Senate Dems Release Their Bailout Plan

The Post's Lori Montgomery reports on the Democrat-controlled Senate bailout proposal:

The Senate Democrats' plan calls for the creation of an emergency oversight board composed of the Fed, FDIC and SEC, plus two outside experts appointed by Congress. It also calls for the Treasury secretary to make monthly reports to Congress, including financial statements.

Treasury would have to report every Friday on the plan, publicly stating the total value of assets purchased during the week and the total value of assets held.

Like the House proposal, the Senate plan contains the same language about restricting executive compensation as the House does. It also would require the Treasury to attempt to reduce the number of foreclosures by rewriting bad mortgages and forgiving a portion of the debt.
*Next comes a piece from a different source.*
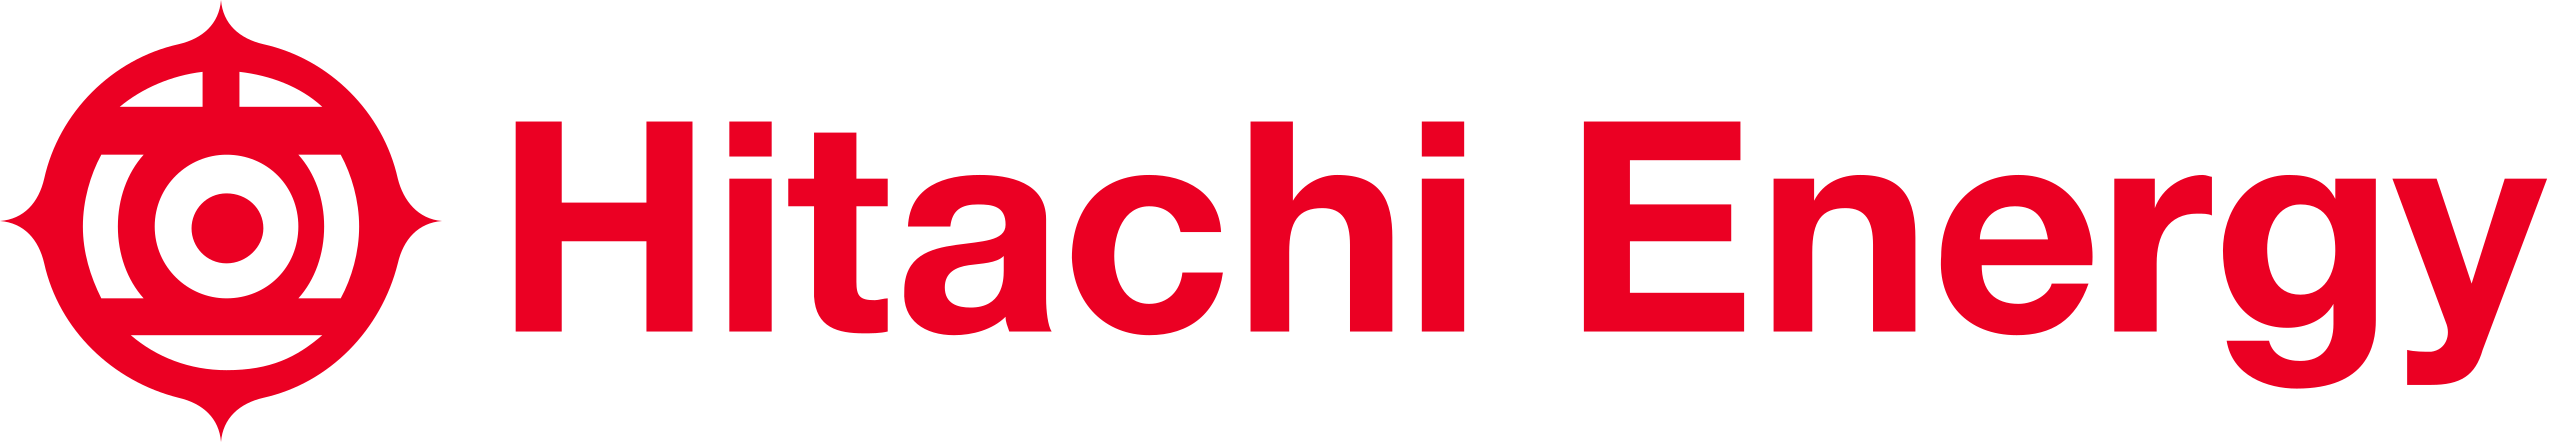 Hitachi-energy-mark-red.svg

Unlike the House proposal, the Senate plan completely rewrites the Treasury's bailout language, placing new conditions on the types of assets Treasury may purchase and new requirements on what it must receive in return. For example, the Senate plan would require any firm taking advantage of the bailout to give the Treasury "contingent shares" equal in value to the price Treasury pays for their assets.
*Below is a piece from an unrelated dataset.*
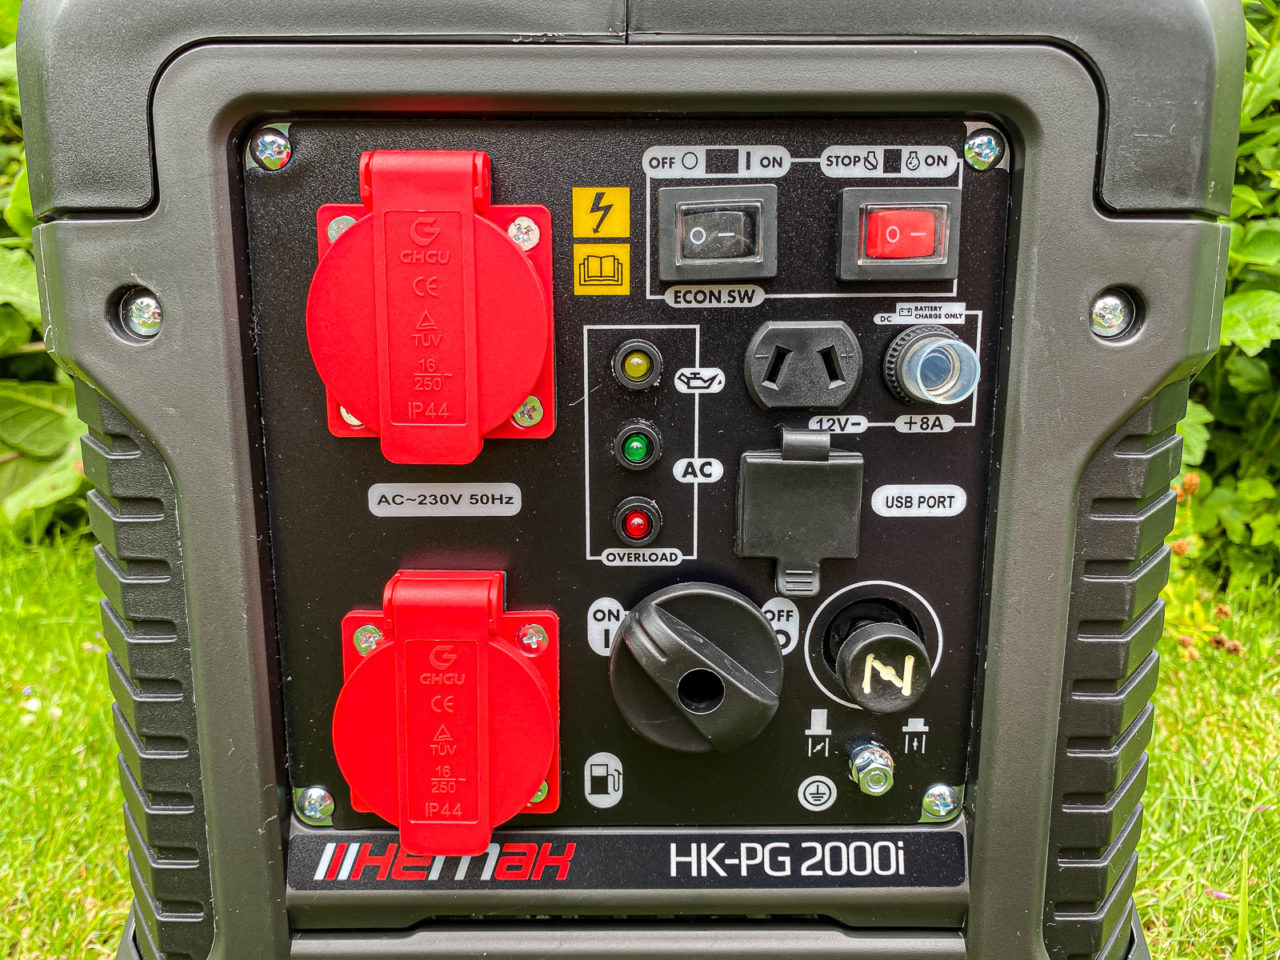 HEMAK HK-PG 2000i Inverter Stromerzeuger Test - Anschlüsse, Steckdosen, Bedienfeld

The provision is intended to help ensure that taxpayers will recover their money.

The Senate proposal also contains many details likely to anger Republican lawmakers, which could bog the measure down. For example, while some Republicans have asked that any profits from the sale of the assets be dedicated to deficit reduction, the Senate proposal would set aside 20 percent of any profits on each sale for Democratic priorities, such as an affordable housing fund.

The Senate plan would also require Treasury to implement a program of "systemic homeowner assistance" through which the mortgages underlying purchases assets can be modified to help homeowners avoid foreclosure.

The Senate proposes to sunset the program on Dec. 31, 2009 -- one year sooner than Paulson proposed -- unless the Treasury secretary can persuade Congress that an extension is necessary.

The Senate proposal also would direct the Government Accountability Office to complete a study by June 2009 that explores what role the Fed, the Treasury Department, the SEC and banking regulators played in the meltdown, and whether federal regulators failed to use their powers to "curtail excessive leveraging."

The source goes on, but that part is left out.